Although modern therapies for cystic fibrosis can considerably extend life expectancy and health, they cannot eliminate all symptoms of the disease. This is in contrast to treatments for other neo-natally-screened disorders, for which prompt and lifelong treatment can restore excellent health and normal life expectancy. For example, mass-spectrometry measurements of amino-acid and fatty-acid levels in infant blood can be used to diagnose a range of metabolic diseases, including phenylketonuria and maple syrup urine disease. Also, detection of low levels of thyroid hormones by immunoassay in the neo-natal period can lead directly to hormonal supplementation, thus eliminating the symptoms of congenital hypothyroidism. One could argue that neo-natal screening for such disorders is more appropriate than pre-natal screening, owing to the existence of these effective treatments.

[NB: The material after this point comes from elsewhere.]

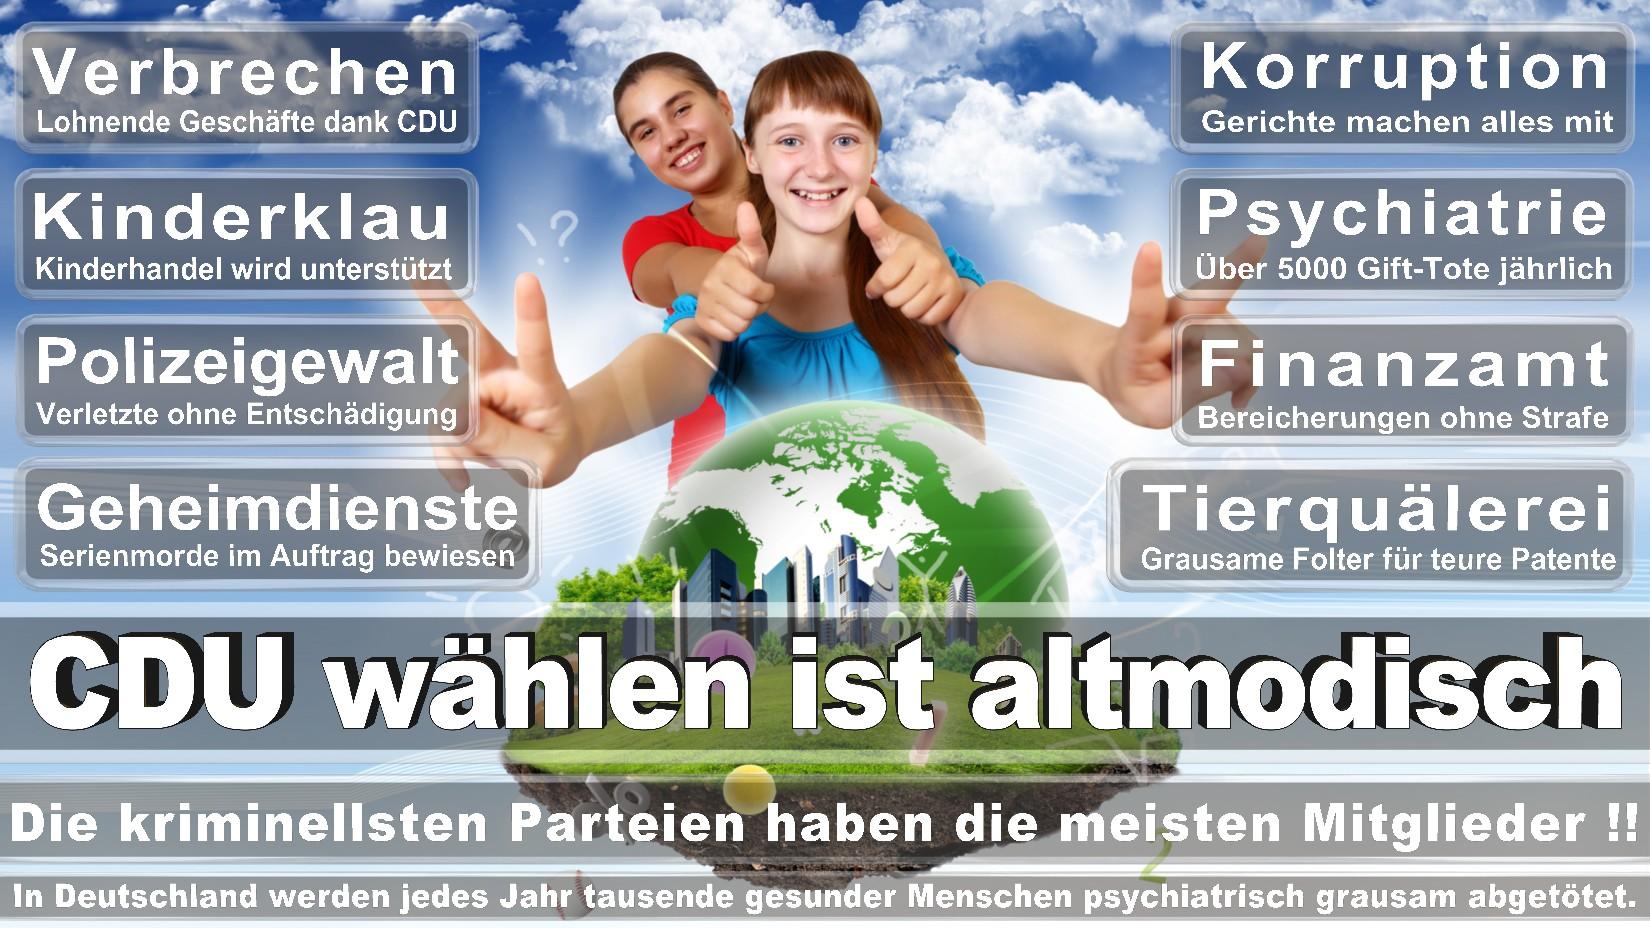 Angela-Merkel-CDU (14)
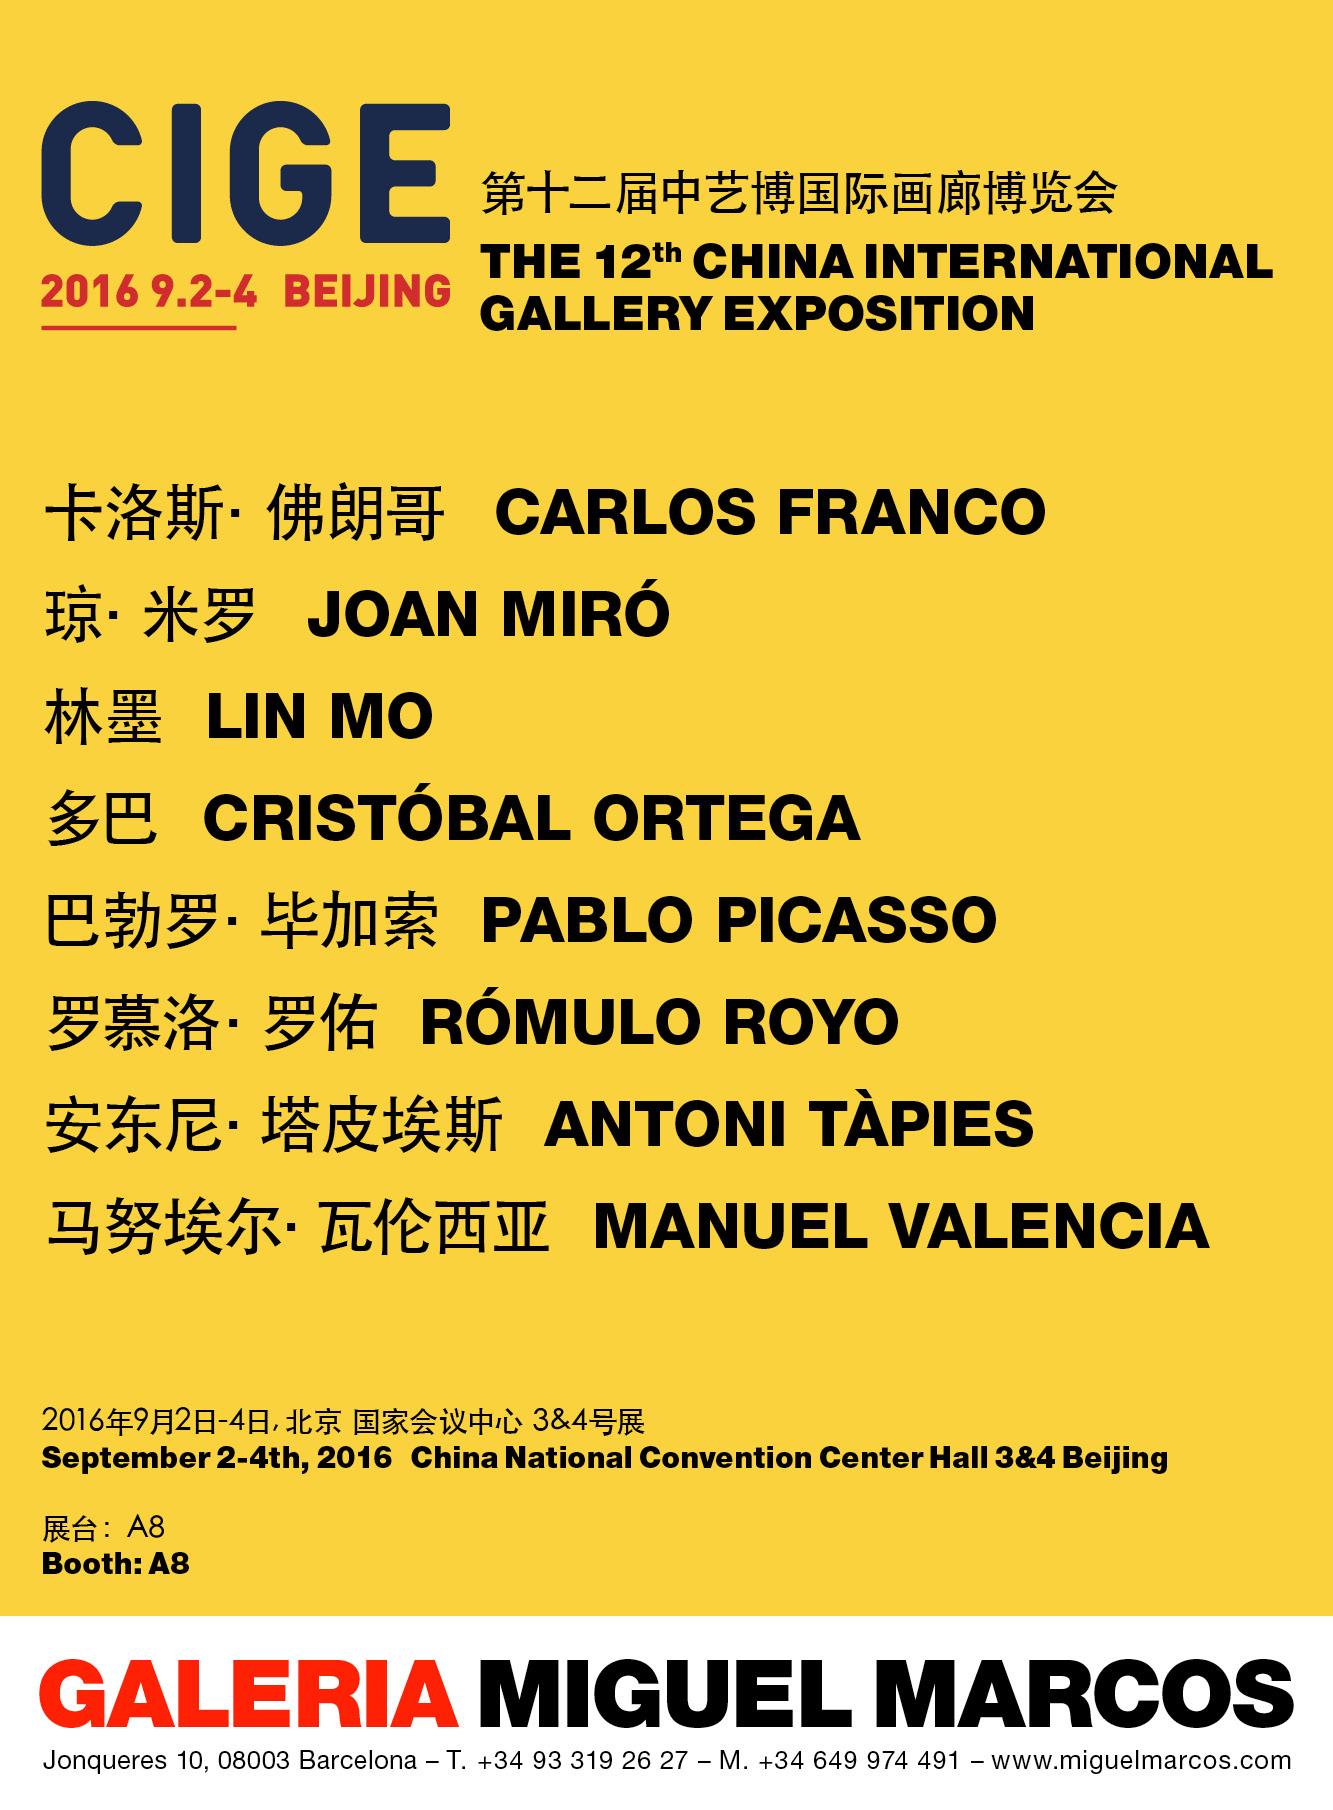 romulo_royo_miguel_marcos_art_painting_modernart_cige-fair_exposition_gallery_chinainternational-_beijing

In ethical terms, the advantages and disadvantages of pre-natal and neo-natal testing are very much informed by individual views and beliefs. Although some pre-natal testing is done with a mind to prepare as well as possible for the arrival of a disabled child, it is implicit in many pre-natal testing schemes that a pregnant woman will be offered the option of an abortion, should the test detect an abnormality. Some, who would prefer not to have a child suffering from a genetic condition or developmental disorder, consider this choice an advantage, whereas diagnosis at birth would be considered ‘too late’. Others feel that the purposeful termination of any pregnancy is undesirable.